This post is an essay by Julien Berman that was published recently in the Washington Post. Here’s a link to the original.
How higher education failed America’s poor
For decades, policymakers claimed to expand college access. In reality, they steered poor students into the least valuable degrees.
Julien Berman
In the early 20th century, regardless of your family’s income, you could be fairly confident that enrolling in college would provide a solid bump to your wages a few years down the line. And back then, the returns were the same for both rich and poor students.
That’s no longer the case. Wealthy college-goers now earn a premium nearly three times larger than the one earned by low-income students, according to economists Zachary Bleemer and Sarah Quincy, who collated more than a century of government records and surveys to measure the returns of education over time. For low-income students, those returns are half as large as they once were.

In other words, higher education has become regressive, widening class divisions by delivering far greater returns to wealthy students than to their low-income peers.
The primary reason for the shift: a decades-long policy failure that funneled poor students away from four-year research universities and into two-year community colleges and for-profit institutions.
Community colleges exploded in popularity in the 1960s and ’70s. Seeing them as an inexpensive way to increase access to education, both Republican and Democratic administrations poured resources into creating two-year institutions that would — they hoped — get poor people to college who otherwise wouldn’t enroll.
“Too many people have fallen prey to the myth that a four-year liberal arts diploma is essential to a full and rewarding life,” President Richard M. Nixon said in a 1970 address to Congress. “In fact, other forms of postsecondary education — such as a two-year community college or technical training course — are far better suited to the interests of many young people.”
The goal sounded noble. But rather than bringing more students into higher education, the rise of community colleges created a second-tier alternative — one that ended up drawing low-income students away from four-year public universities without meaningfully increasing overall enrollment.
Between 1980 and 2000, the shares of rich students enrolled in community colleges and for-profit institutions increased by 3 and 5 percentage points, respectively. But the share of poor students increased by much more: 12 percentage points at community colleges and 11 percentage points at for-profit universities.
Not all colleges are created equal. Each additional year of schooling adds to the college-going premium: transfer rates are low, which means that students at community colleges simply do less school. Just 16 percent of students obtained a bachelor’s degree six years after enrolling in community college.
Plus, quality is eroding at the colleges and universities that enroll more students from the bottom third of the income distribution, largely because those institutions have suffered more from cutbacks in government funding. Student-to-faculty ratios have ballooned, graduation rates have plummeted and dropout rates for low-income students have increased.
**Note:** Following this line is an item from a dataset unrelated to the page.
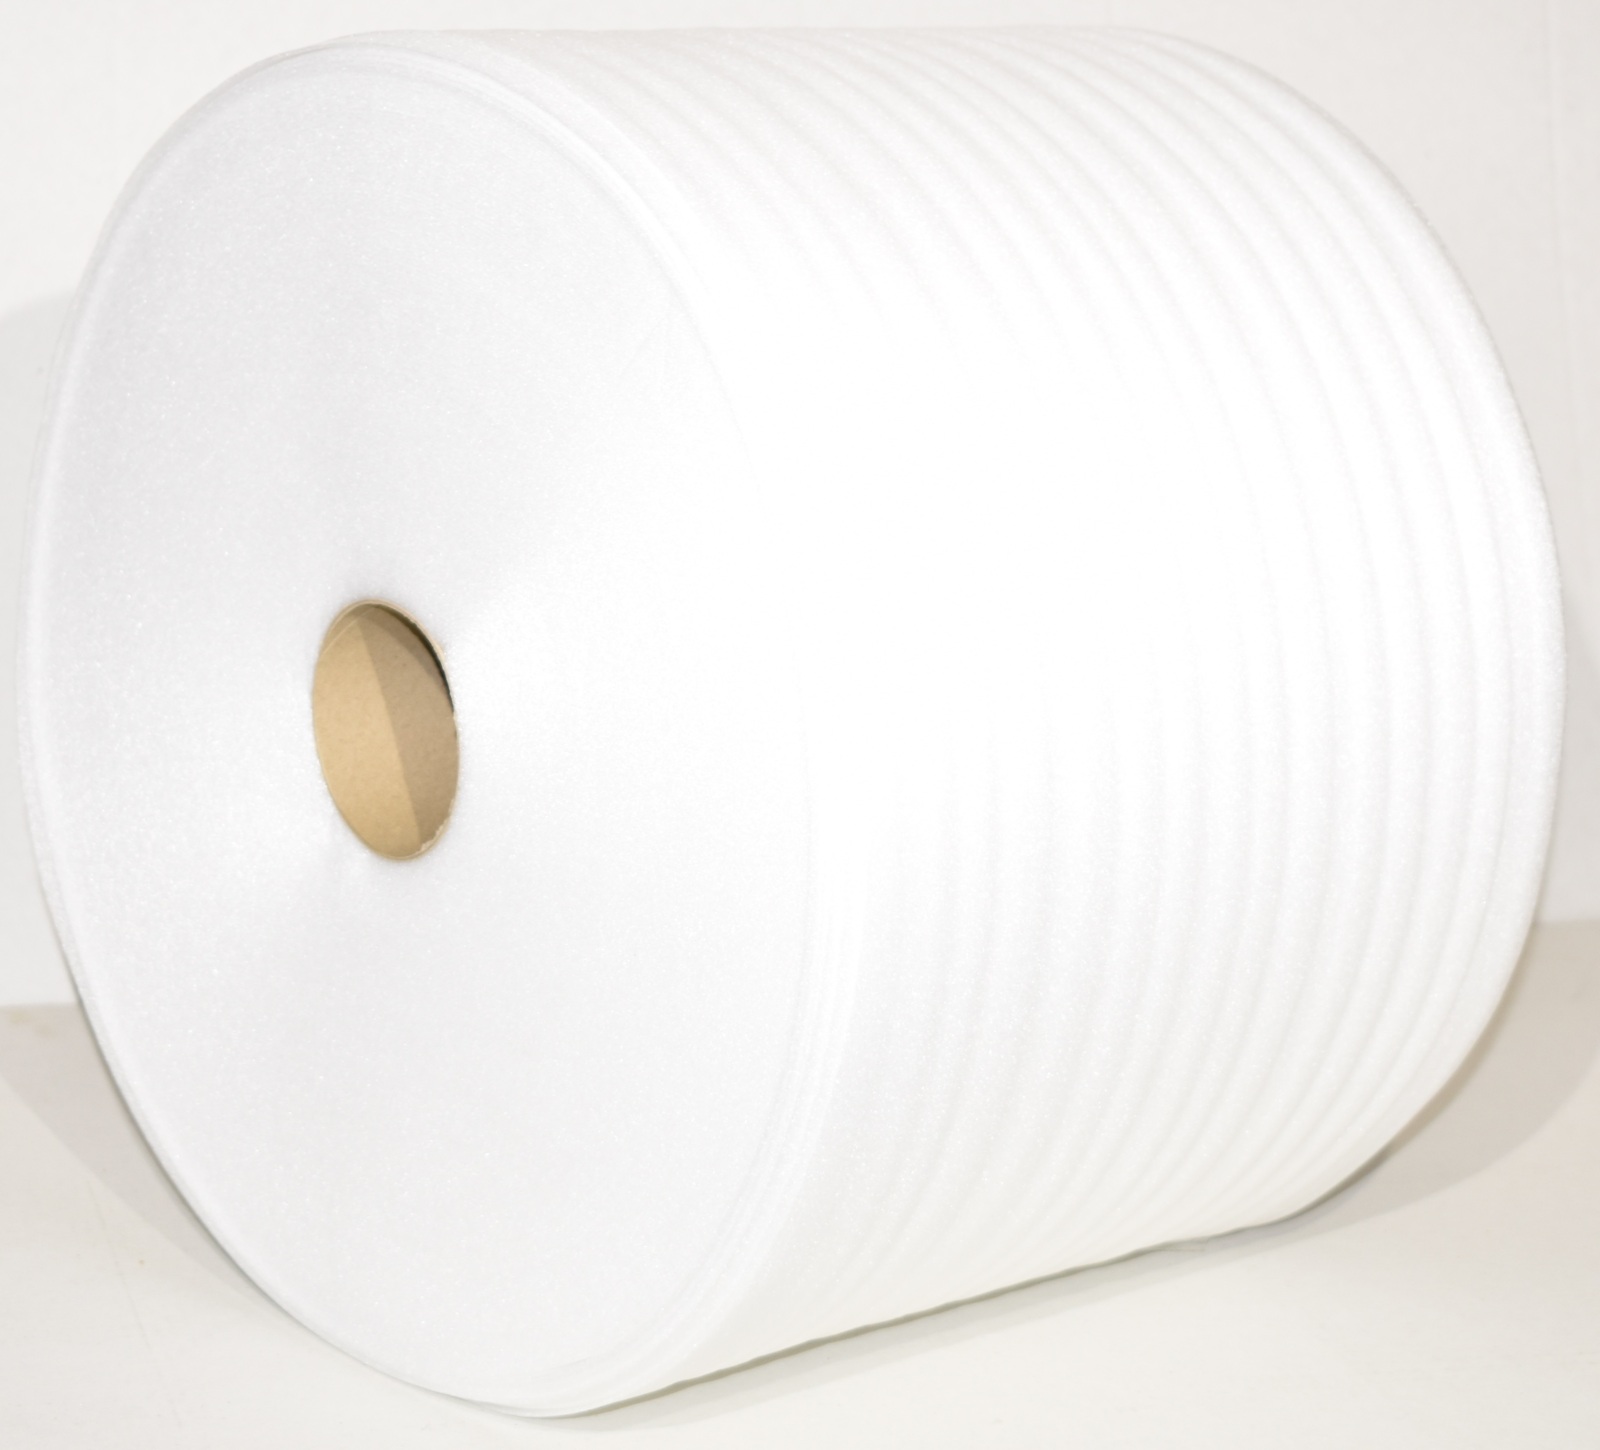 1mm EPE Foam 300mm x 100m (1 Roll) Price Includes Gst
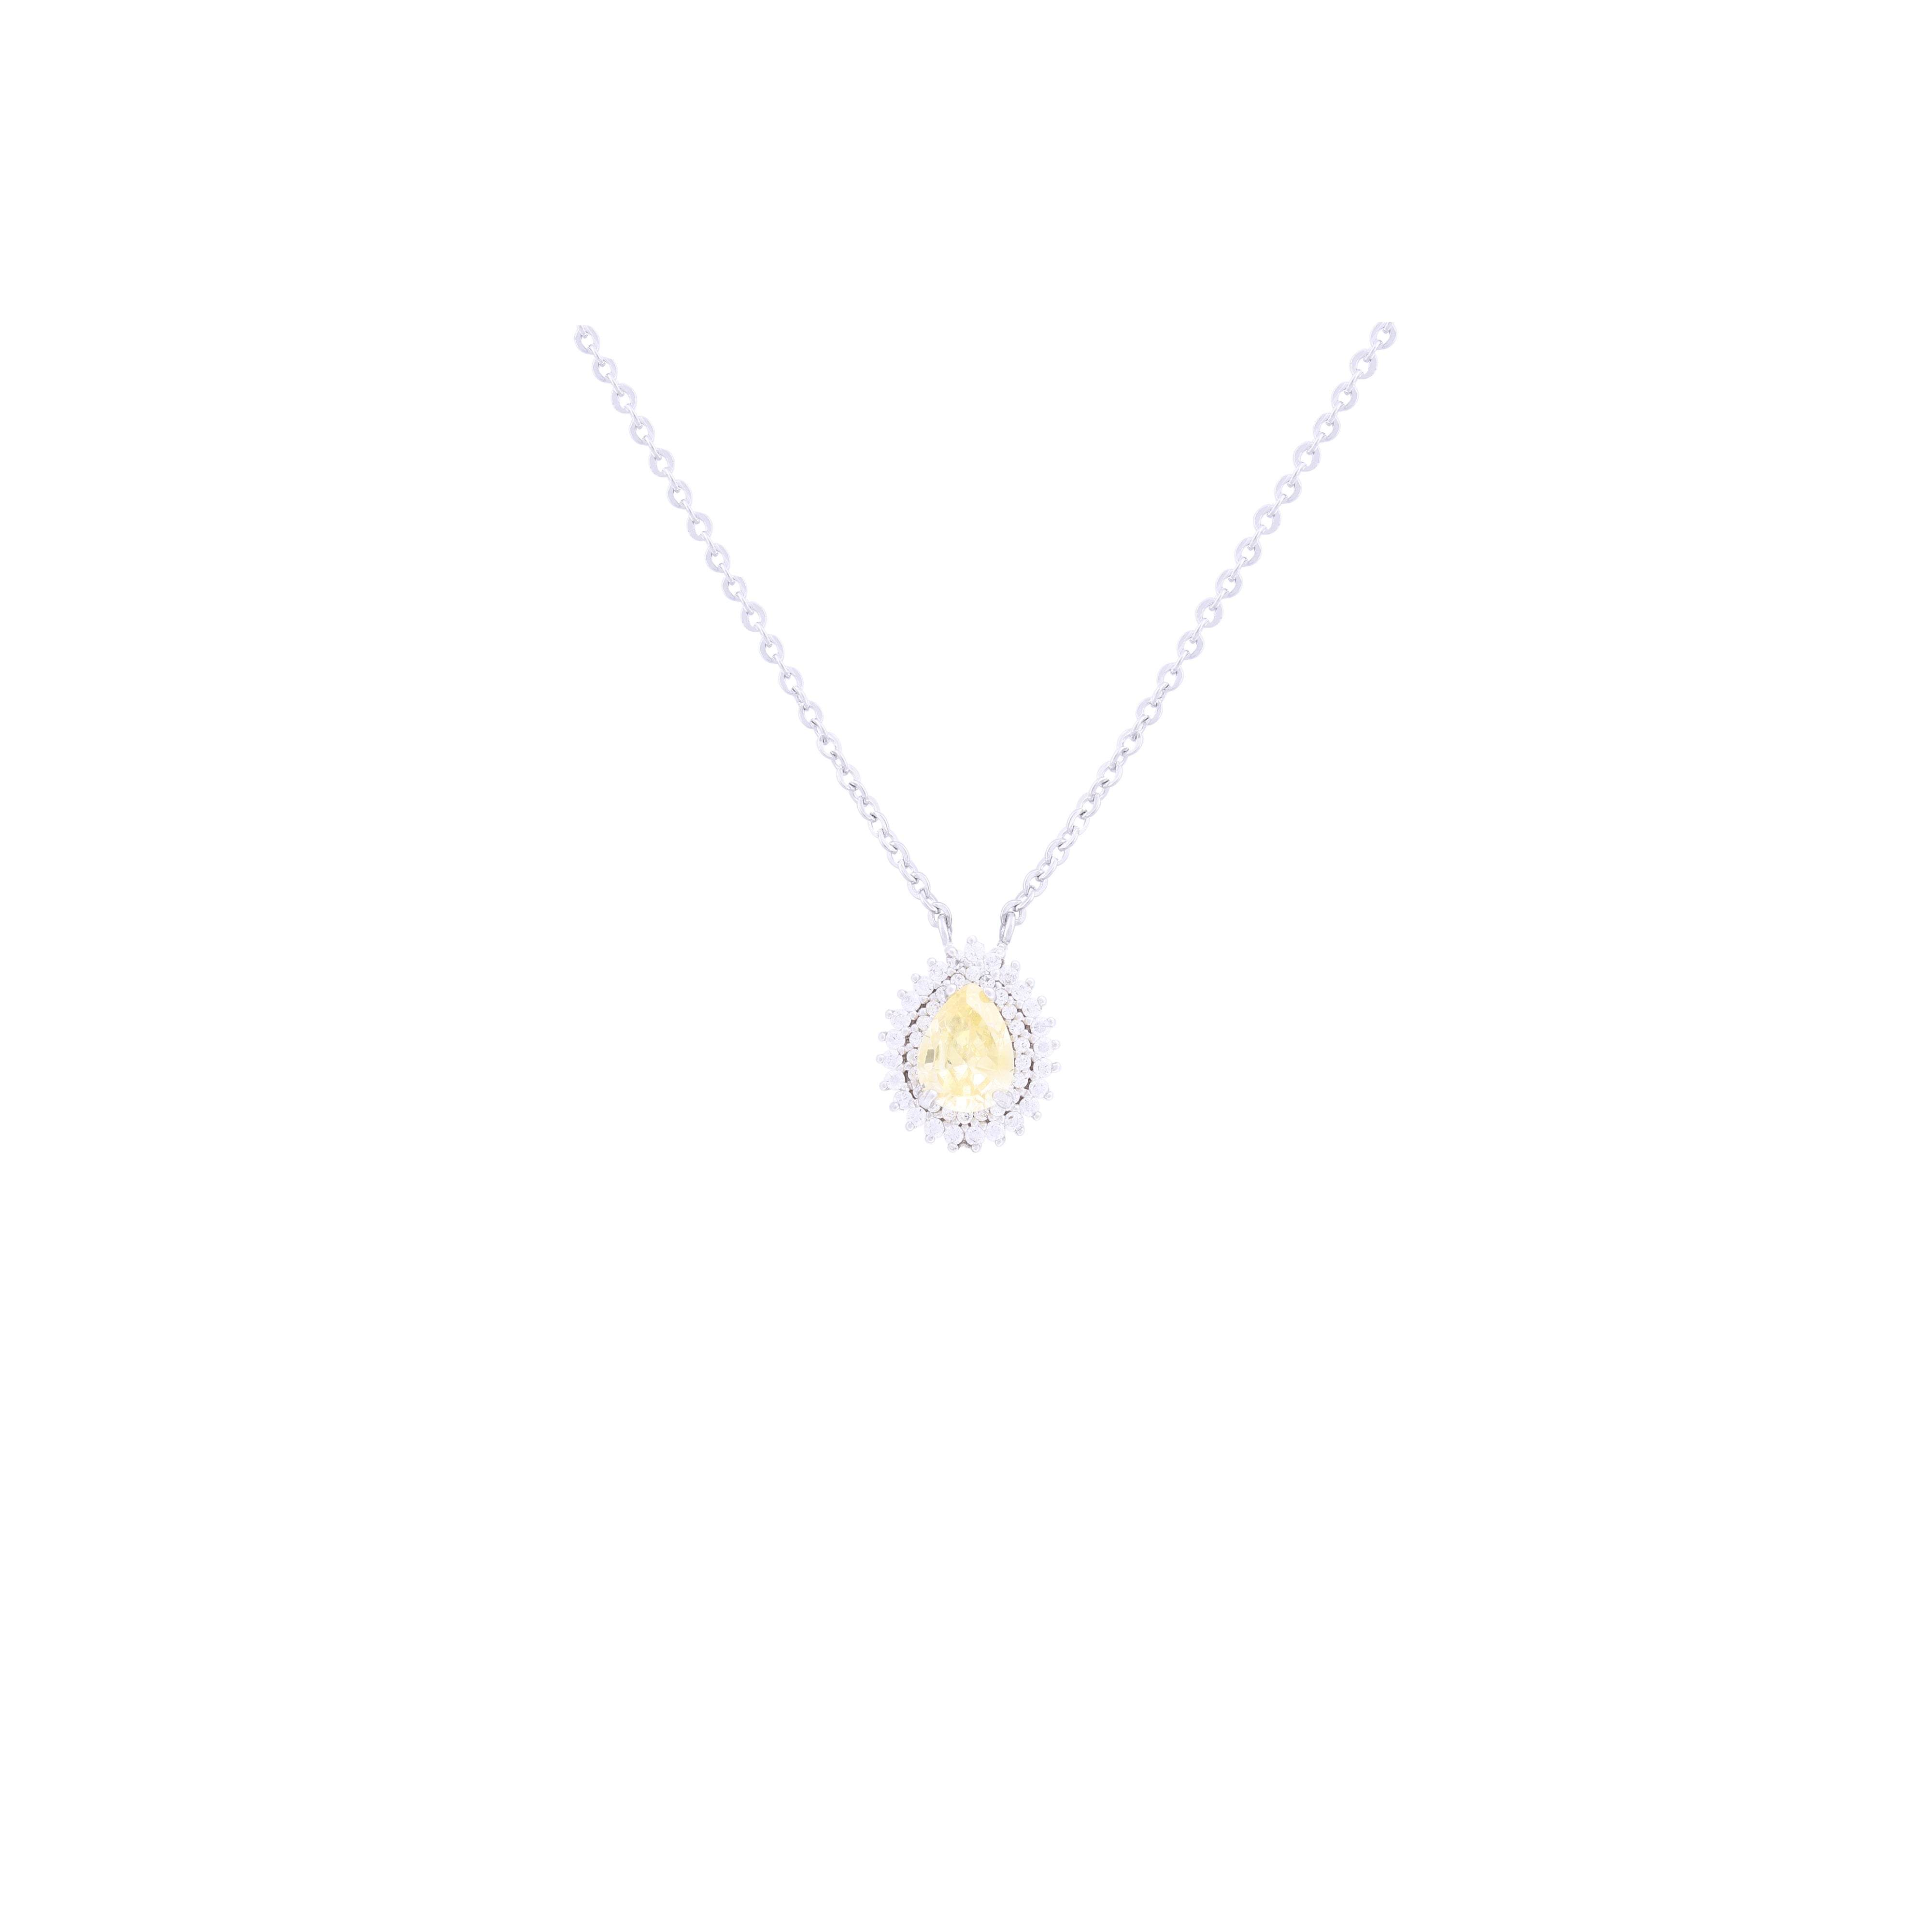 Asfour Crystal 925 Sterling Silver Chain Necklace With Yellow Pendant

Of course, community college is a good fit for some. Two-year programs are affordable, and they offer flexibility for students balancing work or family. But tuition levels don’t explain why poor students have shifted away from four-year universities — community college has always been about half as expensive as four-year institutions, on average.
Between 1960 and 2010, the value of attending community college halved relative to public research universities. For-profit institutions are worse: They confer a wage premium nearly 25 percentage points lower than public research universities.
In recent times, the two-year sector has shrunk considerably, thanks in part to a wave of regulations in the 2010s that curbed the explosion of for-profit institutions. Nevertheless, the main problem persists: Poor students continue to enroll in lower-value institutions than their rich peers.
Institutional quality isn’t the whole story. Within the same university, poor students are now much more likely than rich students to choose majors with lower rates of return. In the 20th century, rich and poor students were equally likely to get humanities degrees. Today, a majority of humanities students are poor.
Here, too, educators bear the brunt of the blame: Many universities gatekeep high-value majors. For example, engineering schools often have separate applications, and they require higher test scores and grade point averages. Some “STEM” programs also expect students to arrive having completed prerequisite coursework — the kind more readily available to wealthy students in well-resourced high schools.
For decades, we’ve built a system that sets up poor students to fall behind. It won’t be easy to reverse this trend, but here are a couple of ways to start.
First, we need to stop treating two-year colleges as an equal alternative to four-year degrees. Instead, large well-resourced research and private universities should expand access to low-income students. One option: offer low-income applicants the same admissions preference that many elite colleges extend to legacy students. Four-year universities could also grow in-person enrollment and create inexpensive online offerings to lure more students from the two-year sector.
Universities can also better communicate to students the value of each major. Studies show that students overestimate earnings for humanities and business majors while underestimating them for engineering. When given accurate wage data, students become more likely to choose majors with more wage potential.
It’s still better to enroll in college than not. But higher education should work well for everyone — not just the students who come from wealthy families.